# Metal (V60) Filters



## Hairy_Hogg (Jul 23, 2015)

After my posts on the general lack of bleached filters on Amazon (yes, I know other stockists have them) it lead me to thinking about metal ones. A quick Google shows me that Hario have a metal filter for about £40 but reading the reviews it seems the drawdown is slower which has led to mixed reviews. Was wondering if anyone has any experience of metal filters and if there was a solution that was recognised as 'good' once you had sorted an adjustment to grind?


----------



## MWJB (Feb 28, 2012)

Cafeor 02?

I have a couple.

Bloom as a spiral pour then pour remaining pulses straight down the middle. This will go against many people's intuition but you don't want a large amount of water above the bed. Don't be afraid of having a sink hole in the bed, the brewer drains more horizontally than paper filters.

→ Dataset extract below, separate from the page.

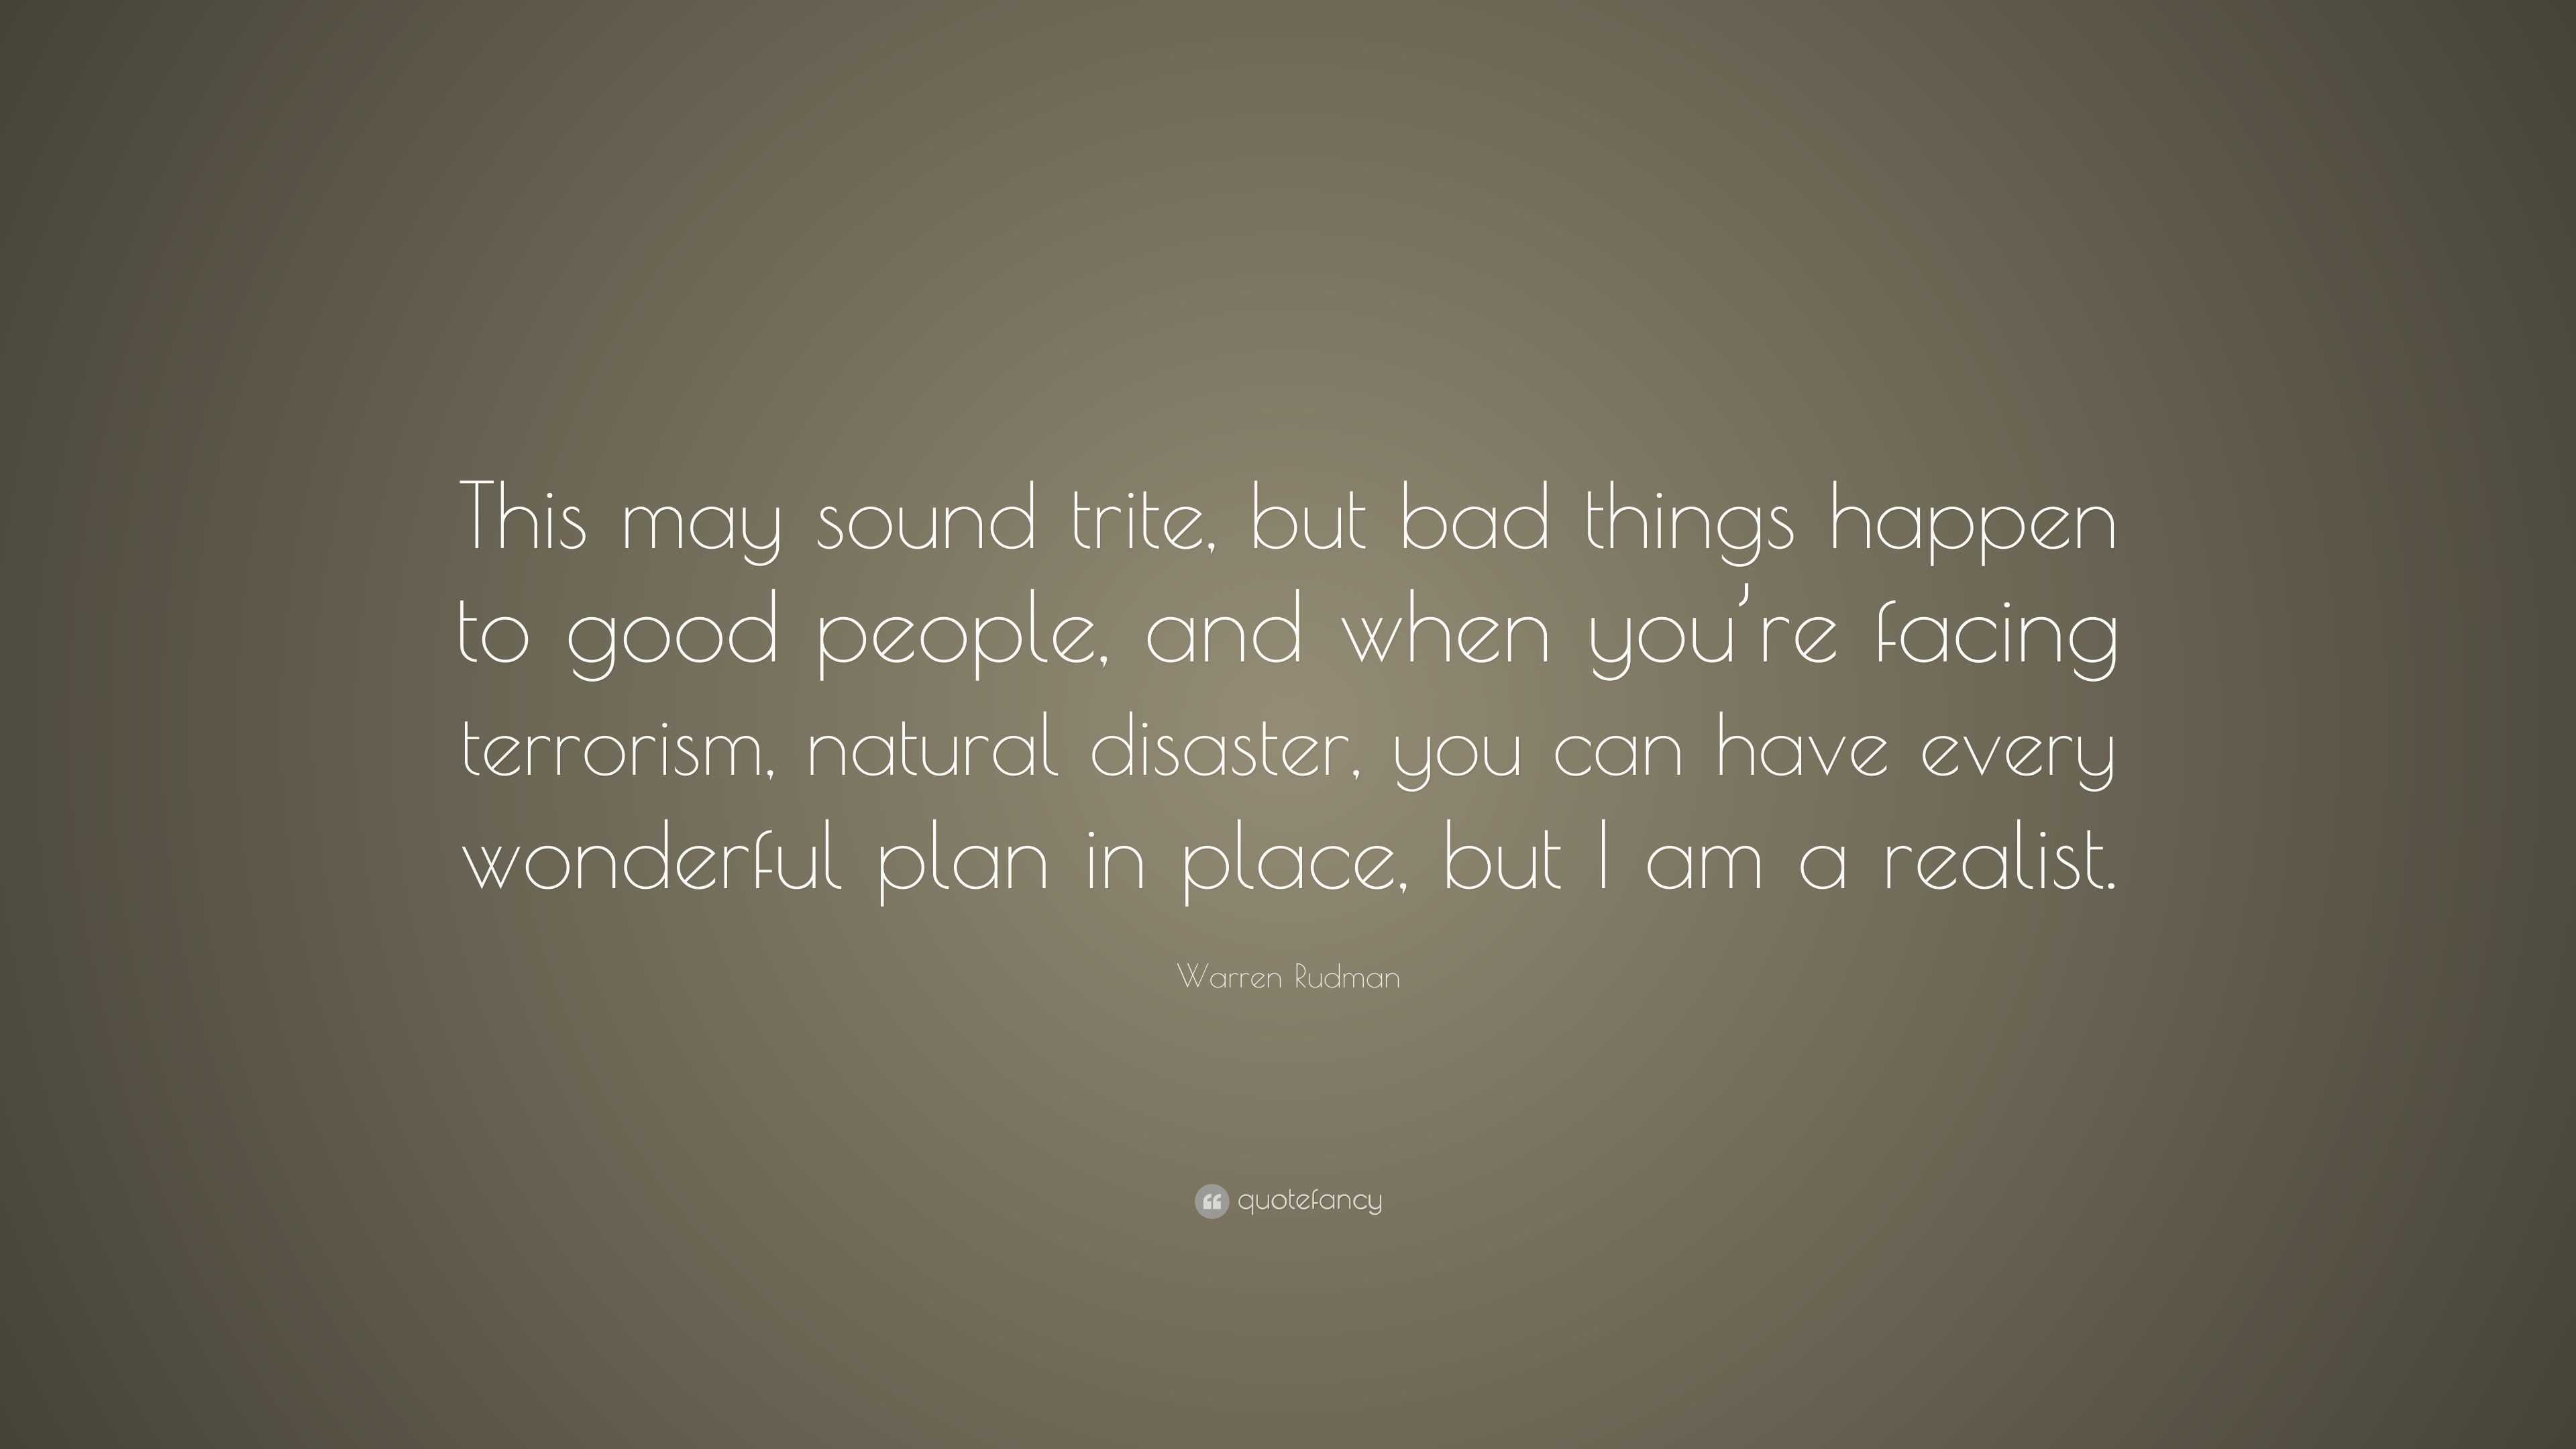 Warren Rudman Quote: “This may sound trite, but bad things happen to ...

Won't be quite like a paper filtered brew, in terms of mouthfeel, but it does work well.


----------



## Hairy_Hogg (Jul 23, 2015)

MWJB said:


> Cafeor 02?
> I have a couple.
> Bloom as a spiral pour then pour remaining pulses straight down the middle. This will go against many people's intuition but you don't want a large amount of water above the bed. Don't be afraid of having a sink hole in the bed, the brewer drains more horizontally than paper filters.
> Won't be quite like a paper filtered brew, in terms of mouthfeel, but it does work well.


I had a thought and checked a box of 'old' coffee bits and sure enough I have a Cafeor 01 which was out in their when the complementary glass cup broke (as well as two packets of 02 size filters)


----------



## micaela (Jan 12, 2021)

I bought a metal filter this July from amazon for less than 9 pounds, and it worked like a charm ~3 times before getting clogged up. I have used inordinate amounts of baking soda, vinegar, boiling water but water just won't drip fast enough, even doing a full cleaning after each brew. Happy to get recommendations for a proper metal filter!


----------